*EXERCISE REQUIREMENTS*
Transcribe exactly, leaving out pictures, the lines from the one that holds "Scatole portaoggetti domopak" through the end of the data below, including both end lines and no others.

___ DATASET EXCERPT

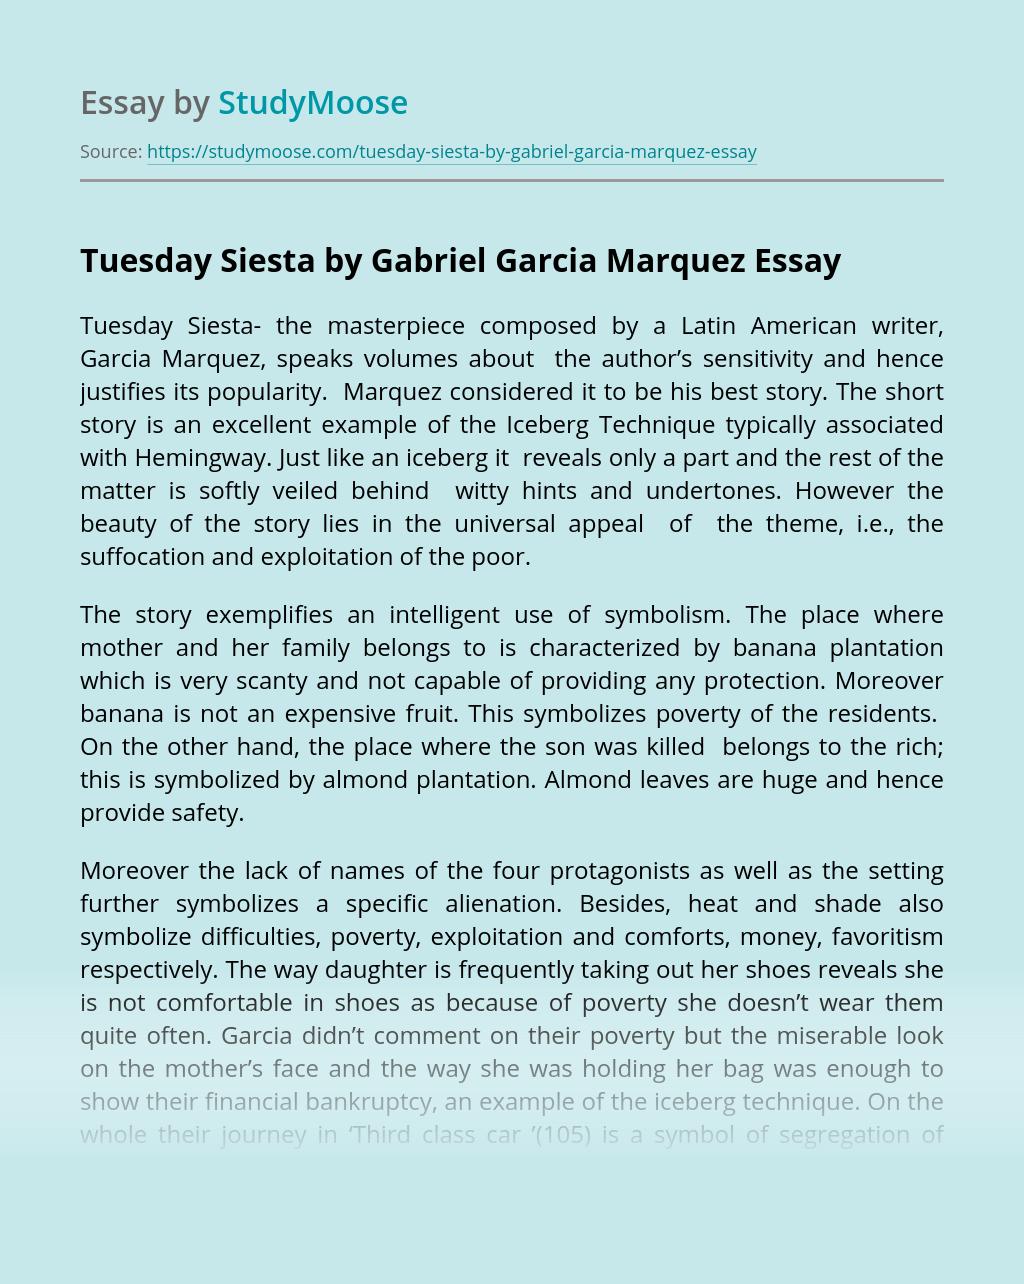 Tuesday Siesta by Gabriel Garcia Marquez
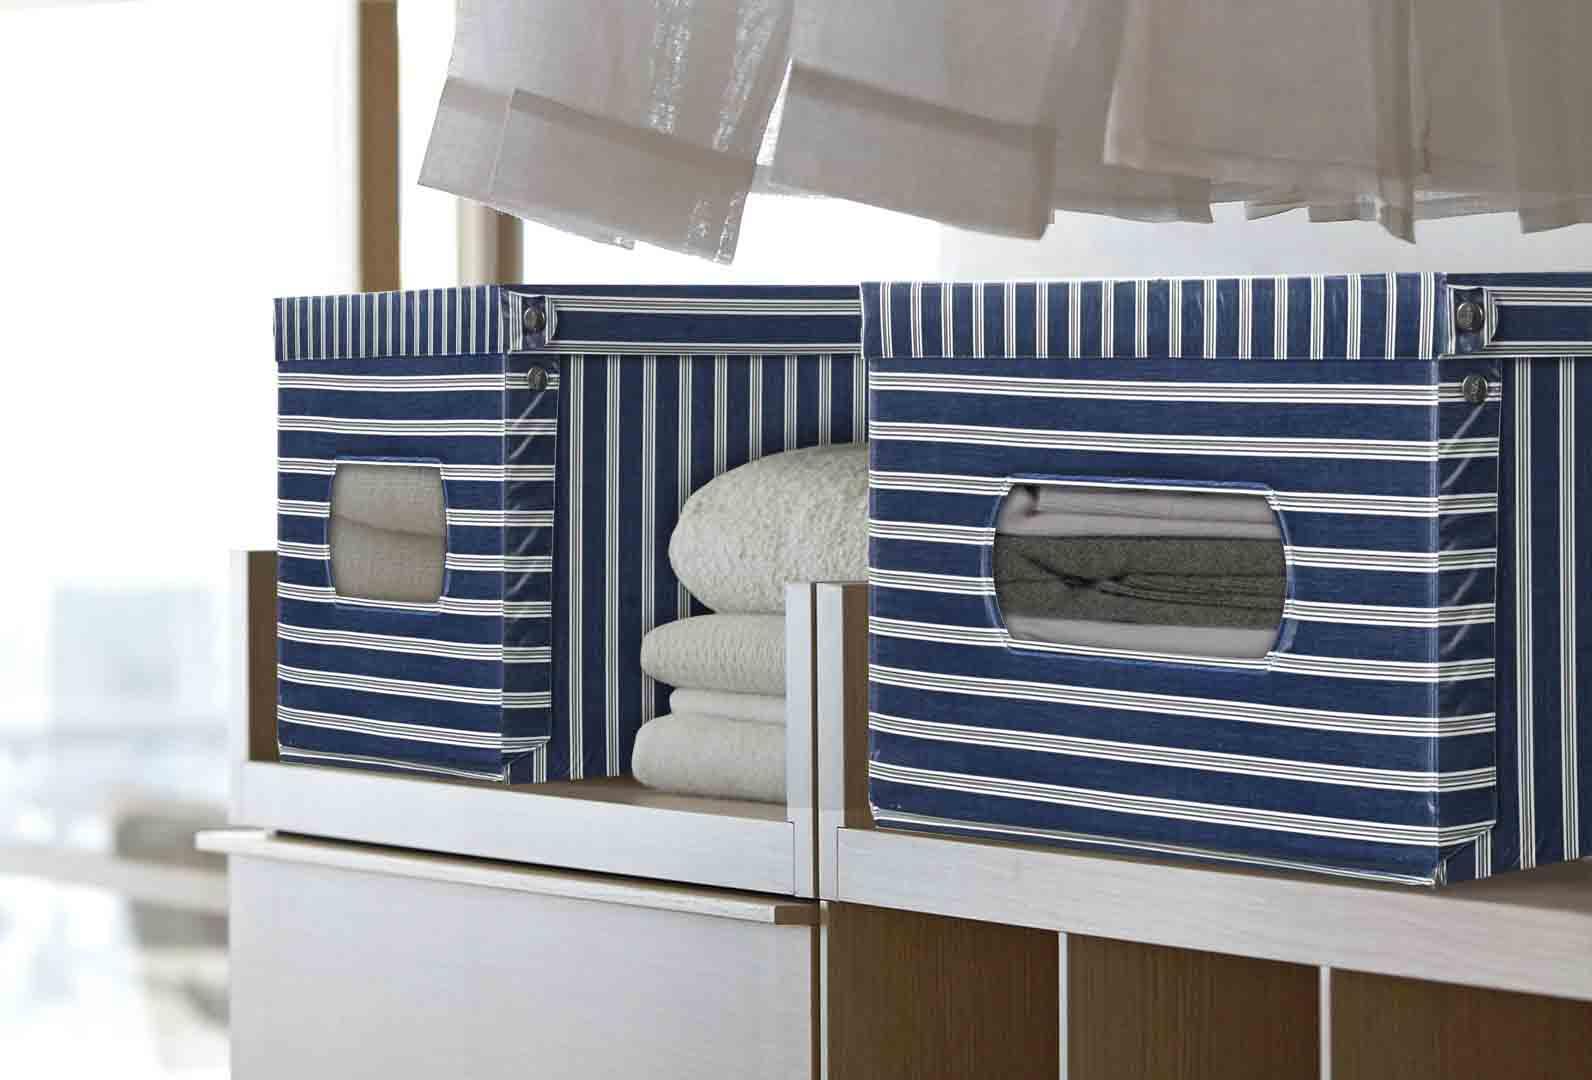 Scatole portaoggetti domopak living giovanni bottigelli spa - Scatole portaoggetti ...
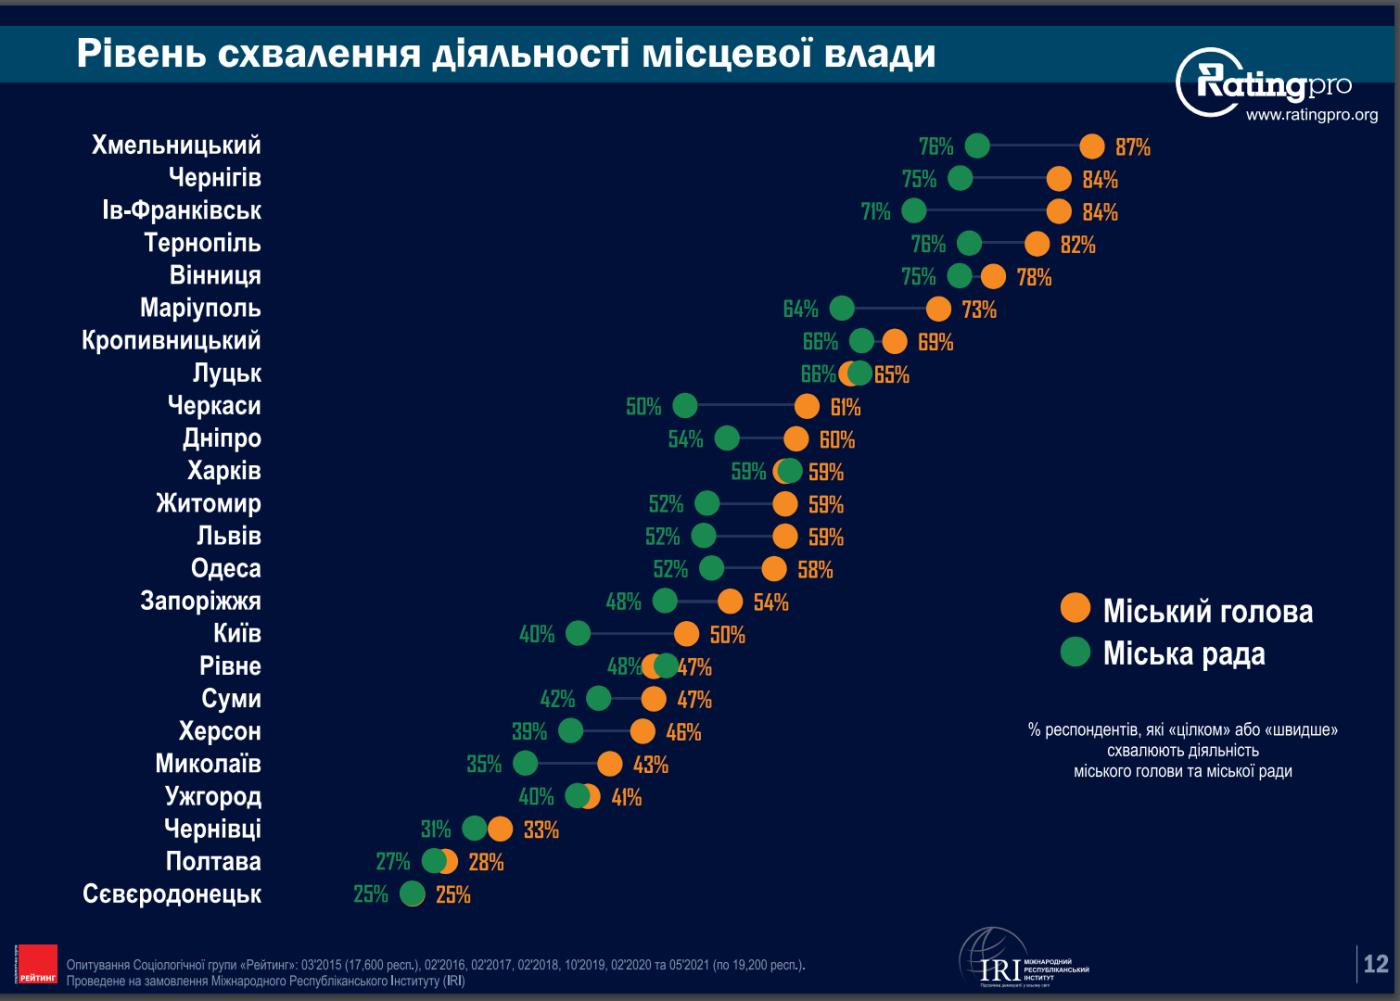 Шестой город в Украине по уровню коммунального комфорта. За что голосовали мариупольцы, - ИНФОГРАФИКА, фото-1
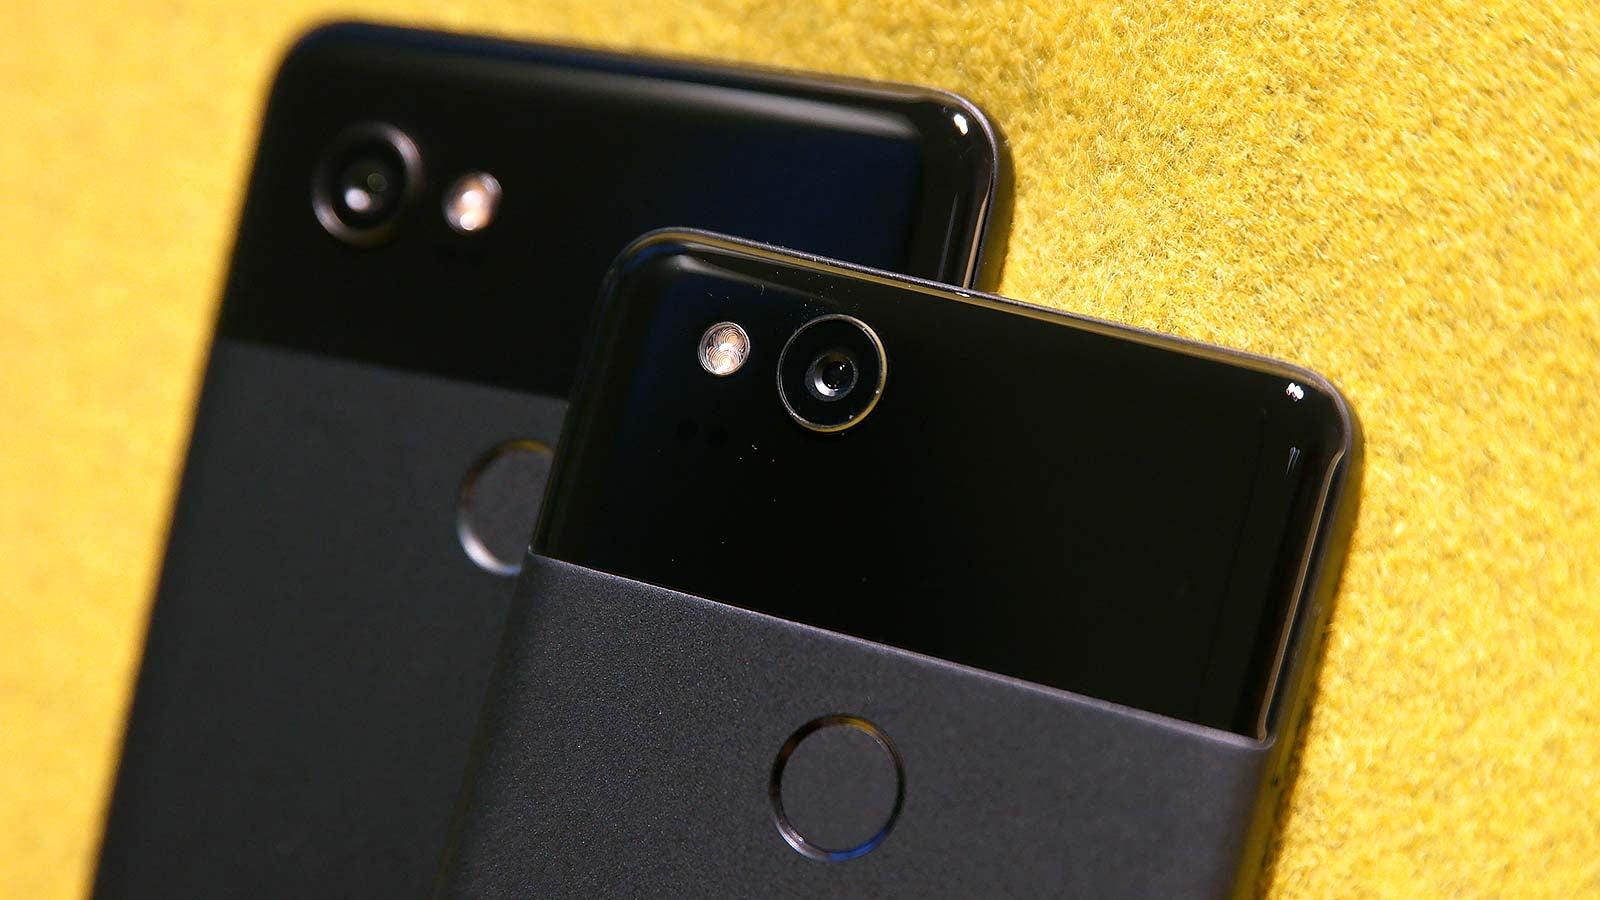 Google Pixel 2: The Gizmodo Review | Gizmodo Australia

______

*TASK ANSWER*
 Scatole portaoggetti domopak living giovanni bottigelli spa - Scatole portaoggetti ...
 Шестой город в Украине по уровню коммунального комфорта. За что голосовали мариупольцы, - ИНФОГРАФИКА, фото-1
 Google Pixel 2: The Gizmodo Review | Gizmodo Australia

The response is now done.